======== INPUT DATA
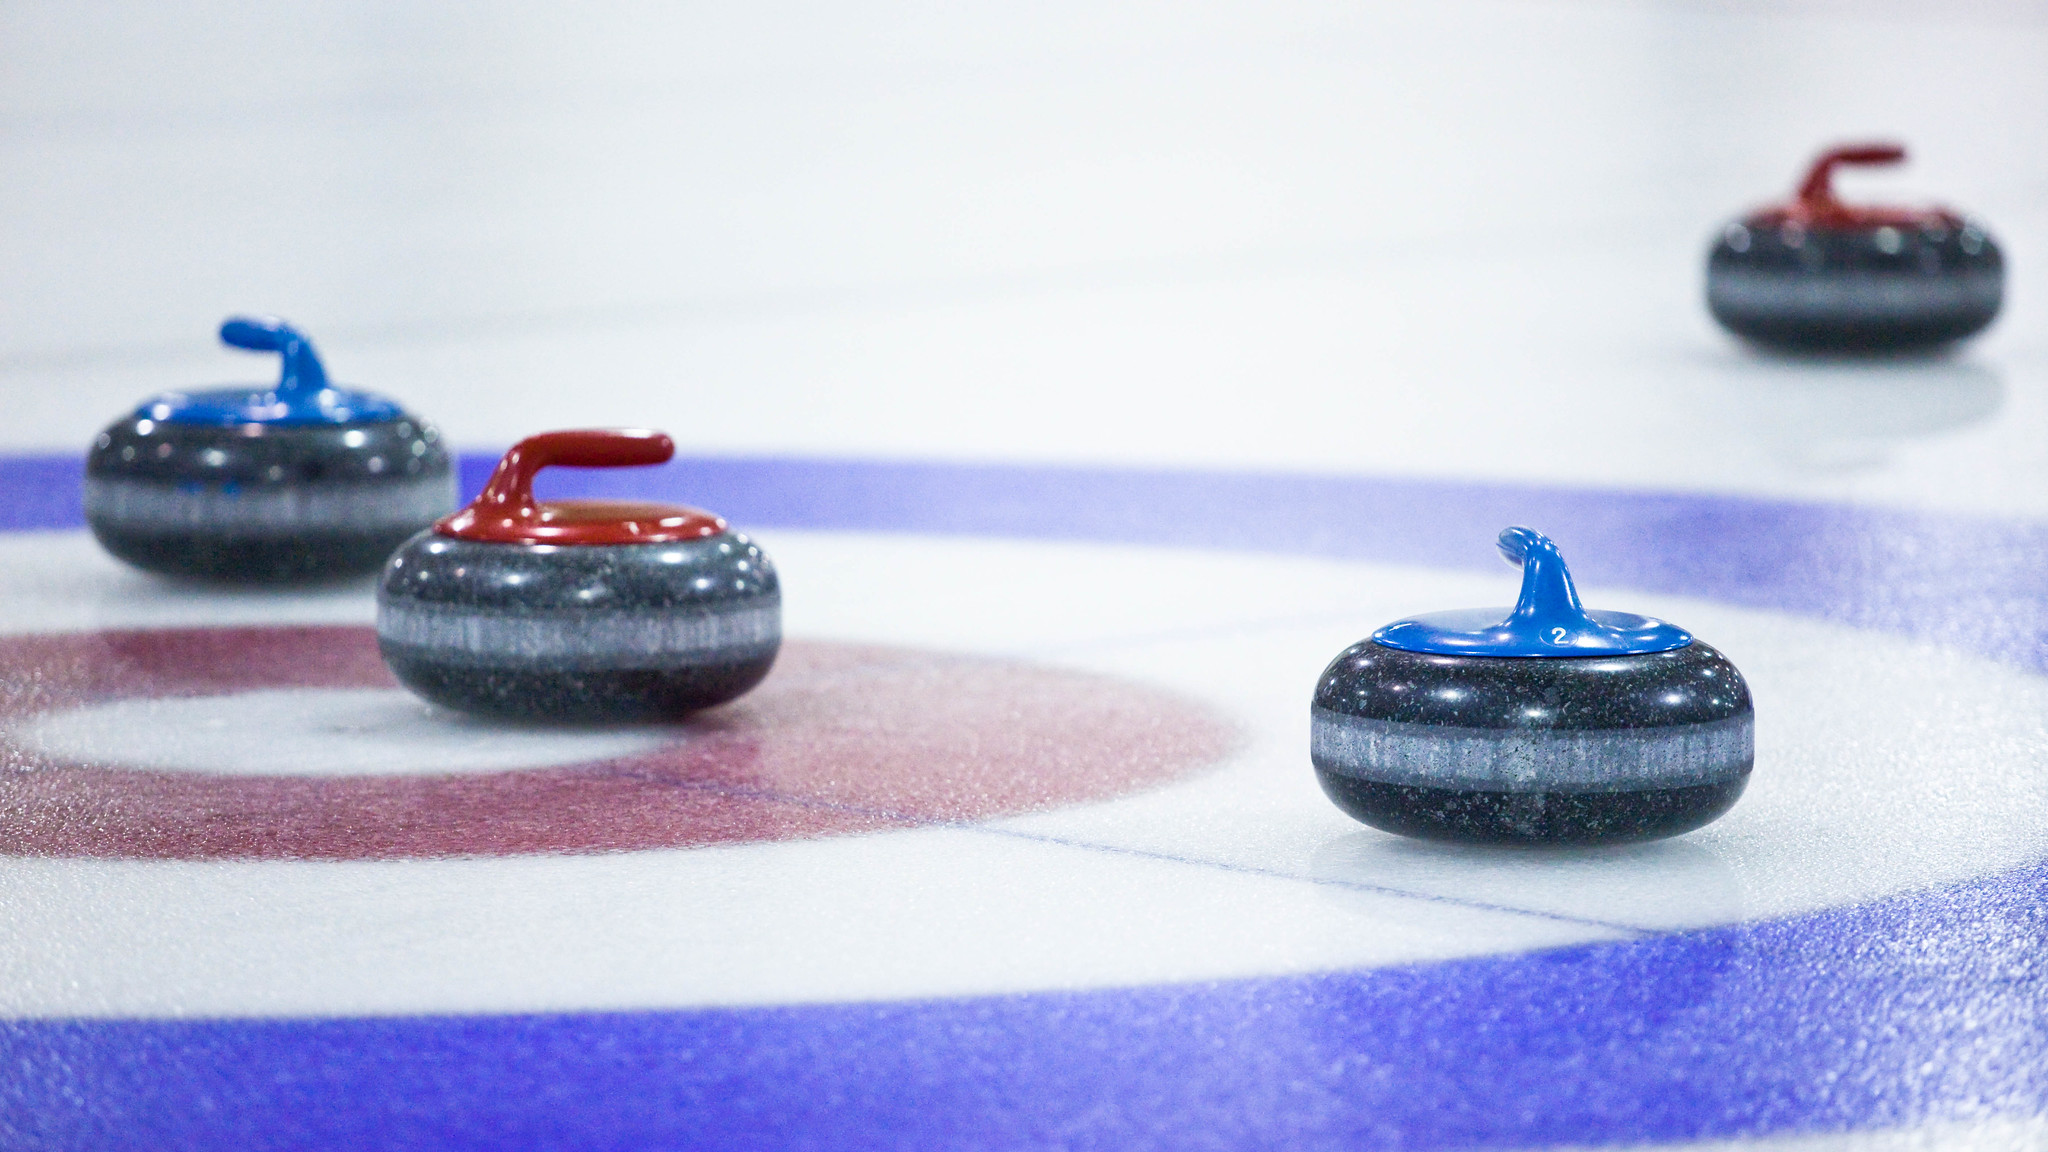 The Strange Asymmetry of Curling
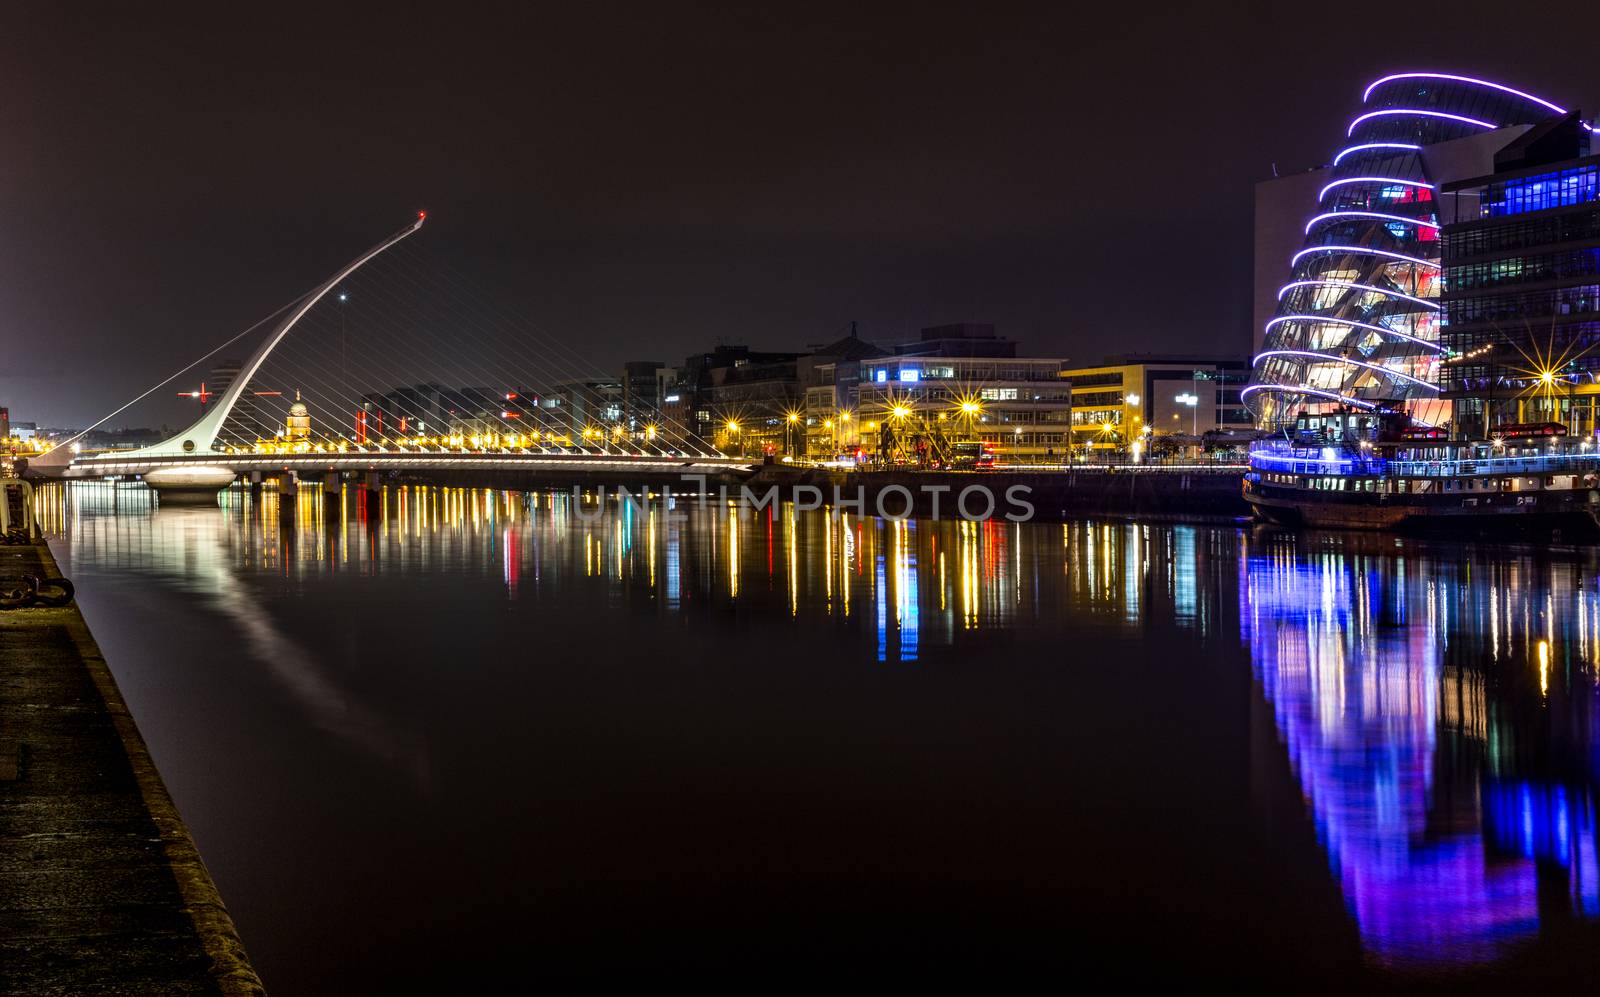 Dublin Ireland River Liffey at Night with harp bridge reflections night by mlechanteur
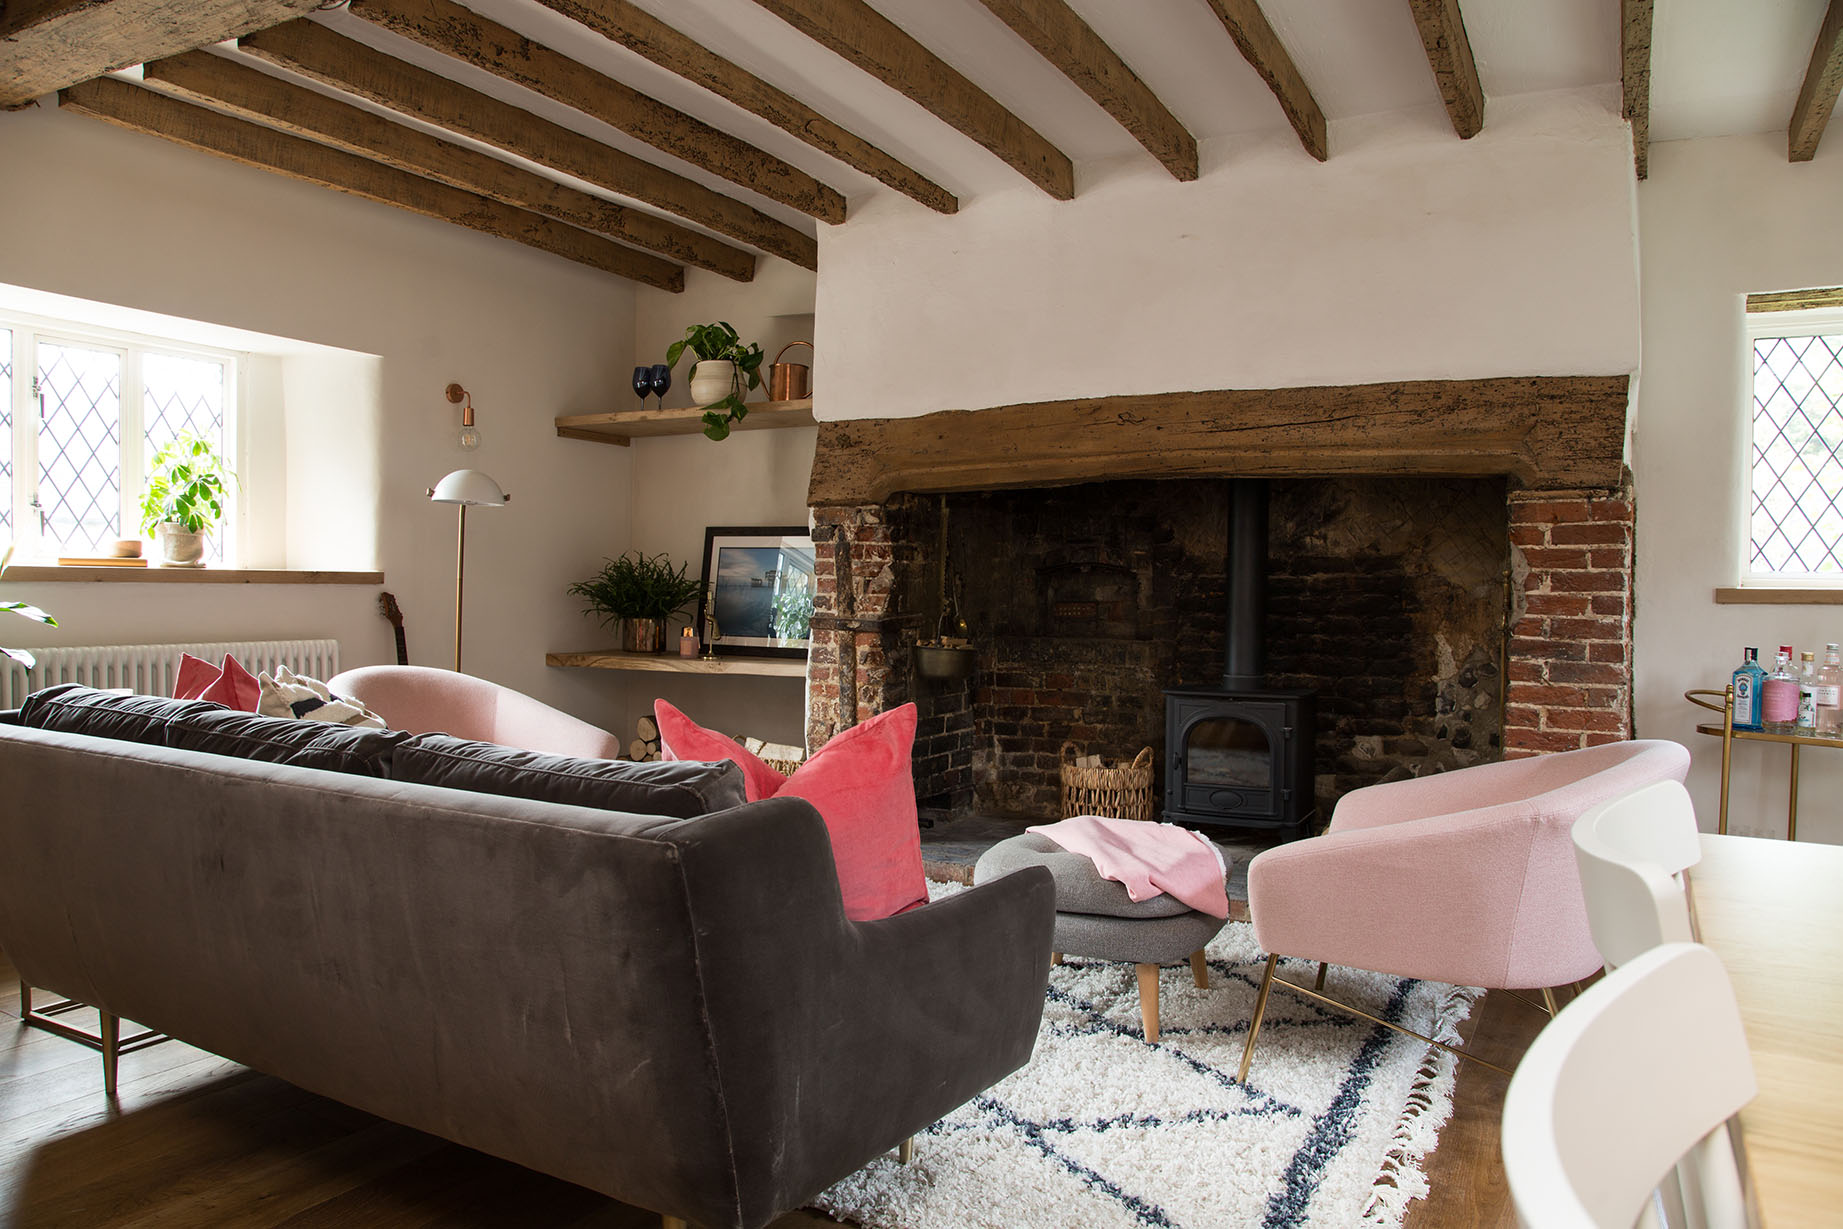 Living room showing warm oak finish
================
### WHAT IS BEING ASKED:
Wherever the listing shows a picture, omit it and output the rest exactly as given.

### ANSWER BELOW:
 The Strange Asymmetry of Curling
 Dublin Ireland River Liffey at Night with harp bridge reflections night by mlechanteur
 Living room showing warm oak finish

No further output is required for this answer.